From single variable calculus we know that if P is a polynomial in the global sense, then it is a polynomial in the local sense; conversely, if P is a polynomial in the local sense, then from the Taylor series expansion

\displaystyle P(x) = \sum_{0 \leq j < k} \frac{P^{(j)}(0)}{j!} x^j

we see that P is a polynomial in the global sense. We make the trivial remark that we have no difficulty dividing by j! here, because the field {\Bbb R} is of characteristic zero.

The above equivalence carries over to higher dimensions:

  • (Global definition) P: {\Bbb R}^n \to {\Bbb R} is a polynomial of degree <k iff it can be written in the form P(x_1,\ldots,x_n) = \sum_{0 \leq j_1,\ldots,j_n; j_1+\ldots+j_n < k} c_{j_1,\ldots,j_n} x_1^{j_1} \ldots x_n^{j_n} for some coefficients c_{j_1,\ldots,j_n} \in {\Bbb R}.
  • (Local definition) P: {\Bbb R}^n \to {\Bbb R} is a polynomial of degree <k if it is k-times continuously differentiable and (h_1 \cdot \nabla) \ldots (h_k \cdot \nabla) P \equiv 0 for all h_1,\ldots,h_k \in {\Bbb R}^n.
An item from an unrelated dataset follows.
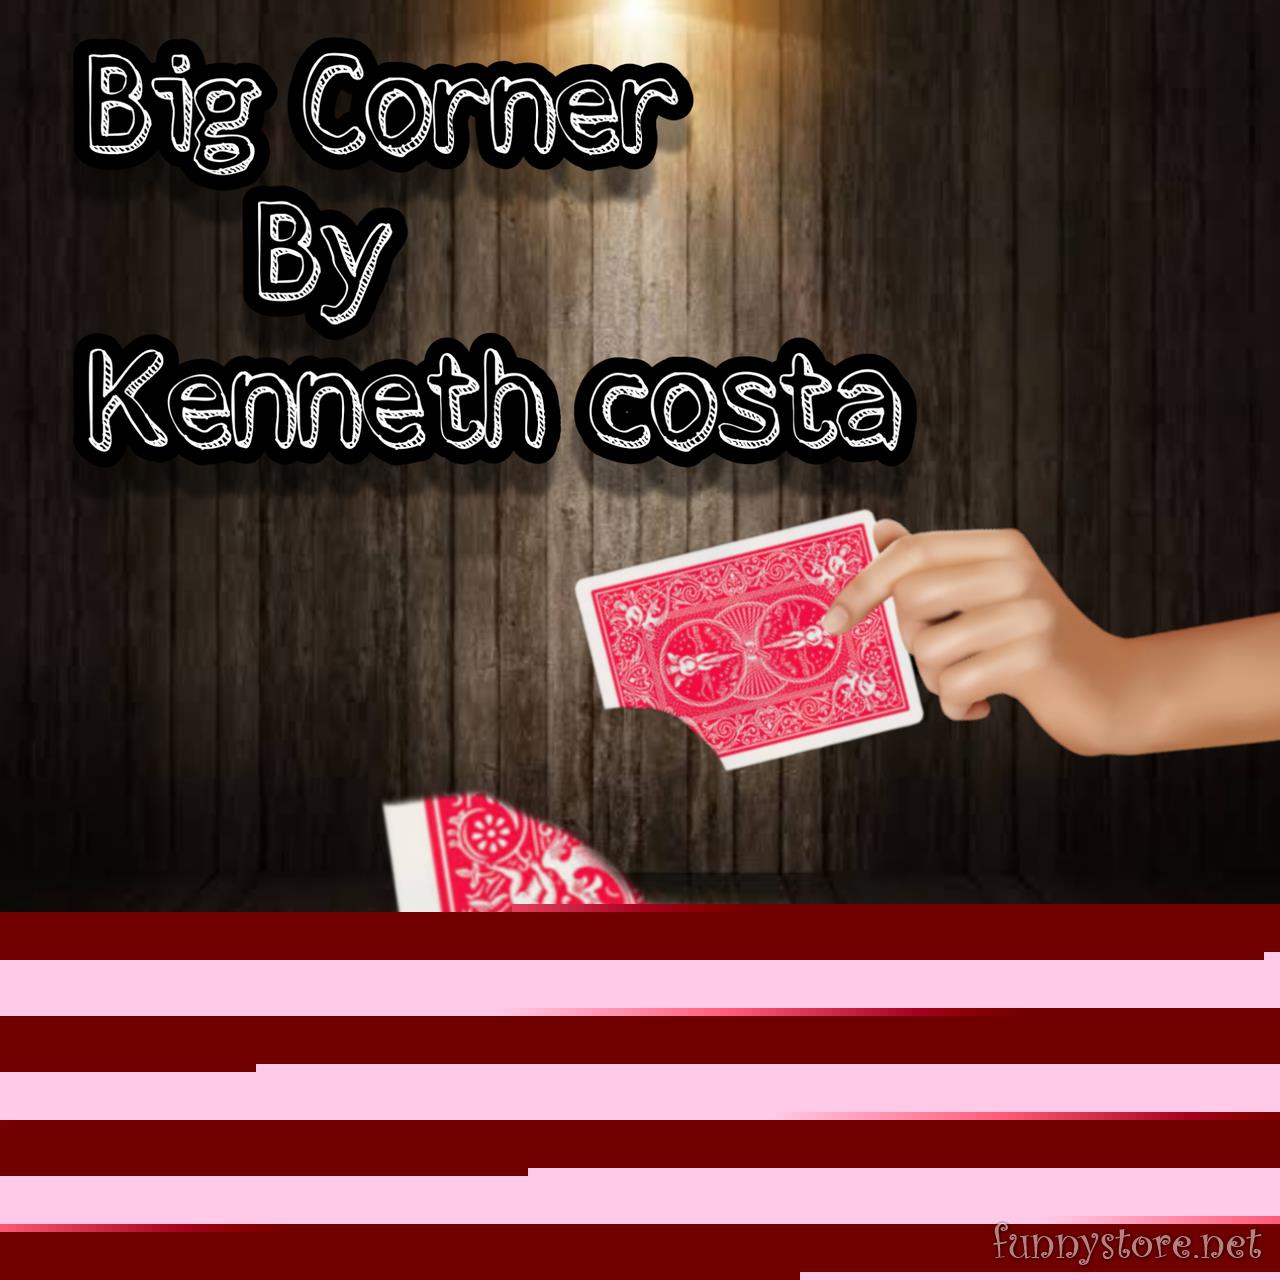 Kenneth Costa - Big Corner

Again, it is not difficult to use several variable calculus to show that these two definitions of a polynomial are equivalent.
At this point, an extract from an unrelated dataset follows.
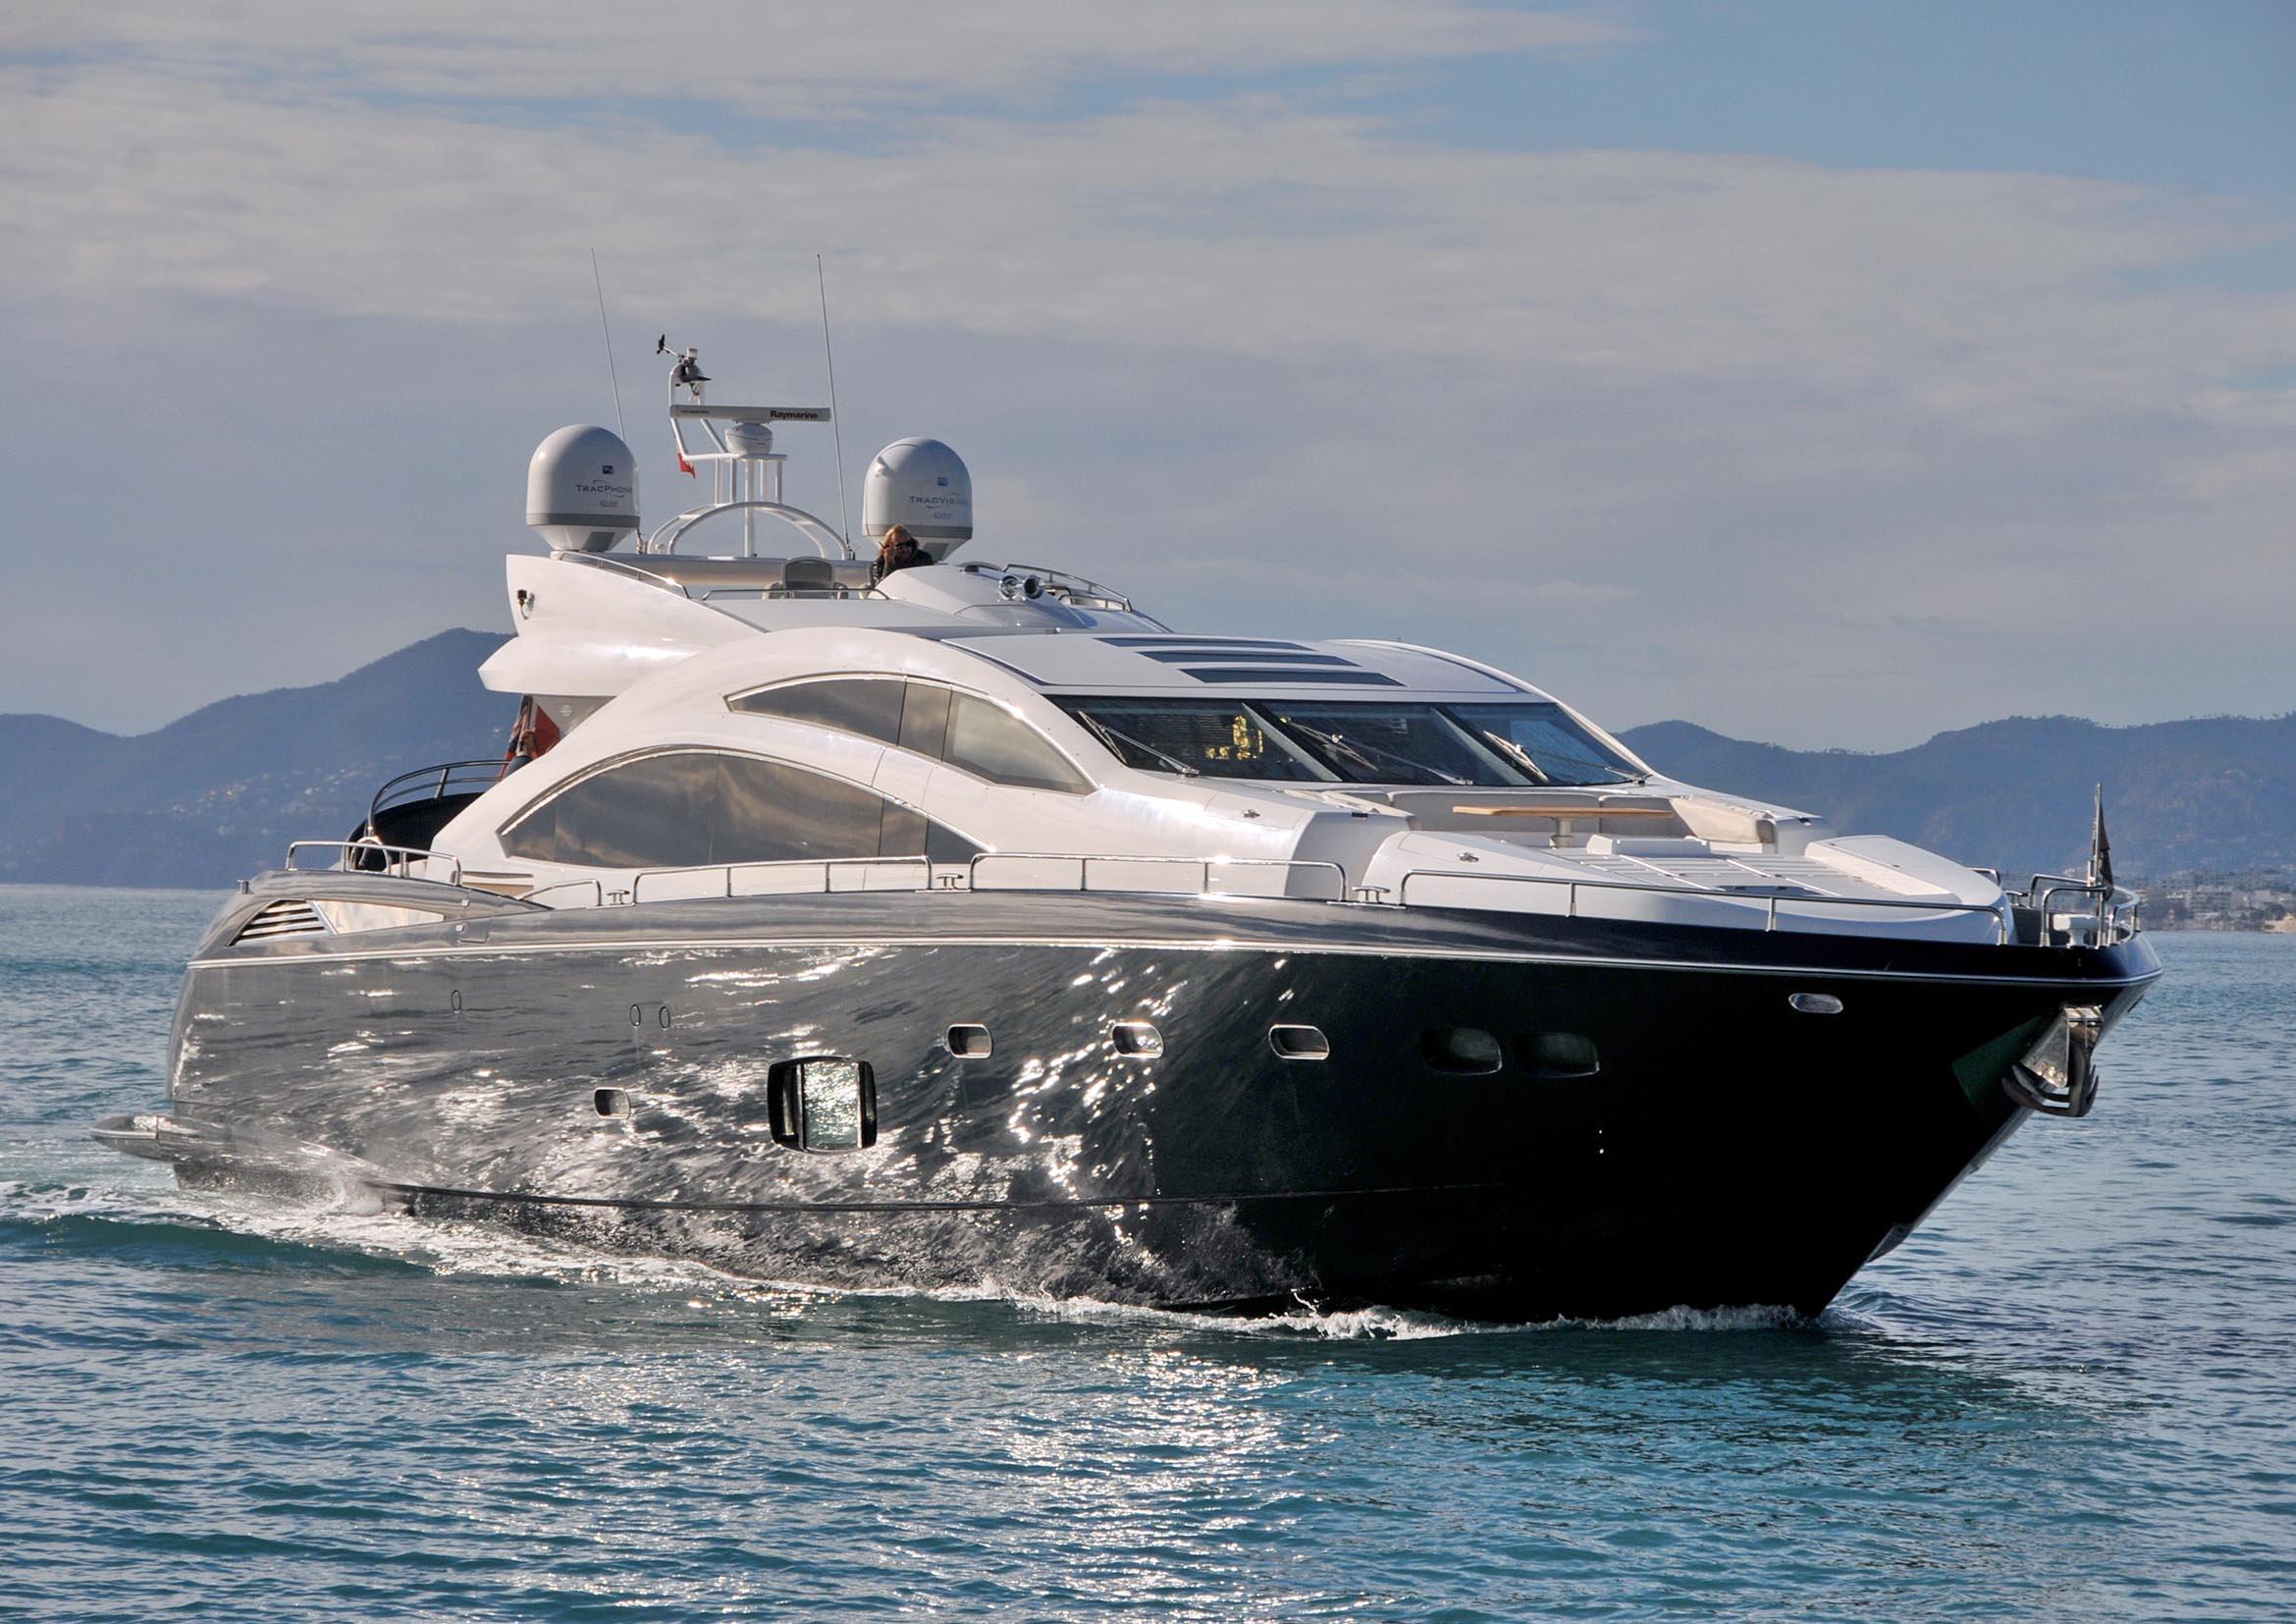 ARIYAS-Sunseeker-Yacht For Charter-Ibiza

The purpose of this (somewhat technical) post here is to record some basic analogues of the above facts in finite characteristic, in which the underlying domain of the polynomial P is F or F^n for some finite field F.  In the “classical” case when the range of P is also the field F, it is a well-known fact (which we reproduce here) that the local and global definitions of polynomial are equivalent.  But in the “non-classical” case, when P ranges in a more general group (and in particular in the unit circle {\Bbb R}/{\Bbb Z}), the global definition needs to be corrected somewhat by adding some new monomials to the classical ones x_1^{j_1} \ldots x_n^{j_n}.  Once one does this, one can recover the equivalence between the local and global definitions.

(The results here are derived from forthcoming work with Vitaly Bergelson and Tamar Ziegler.)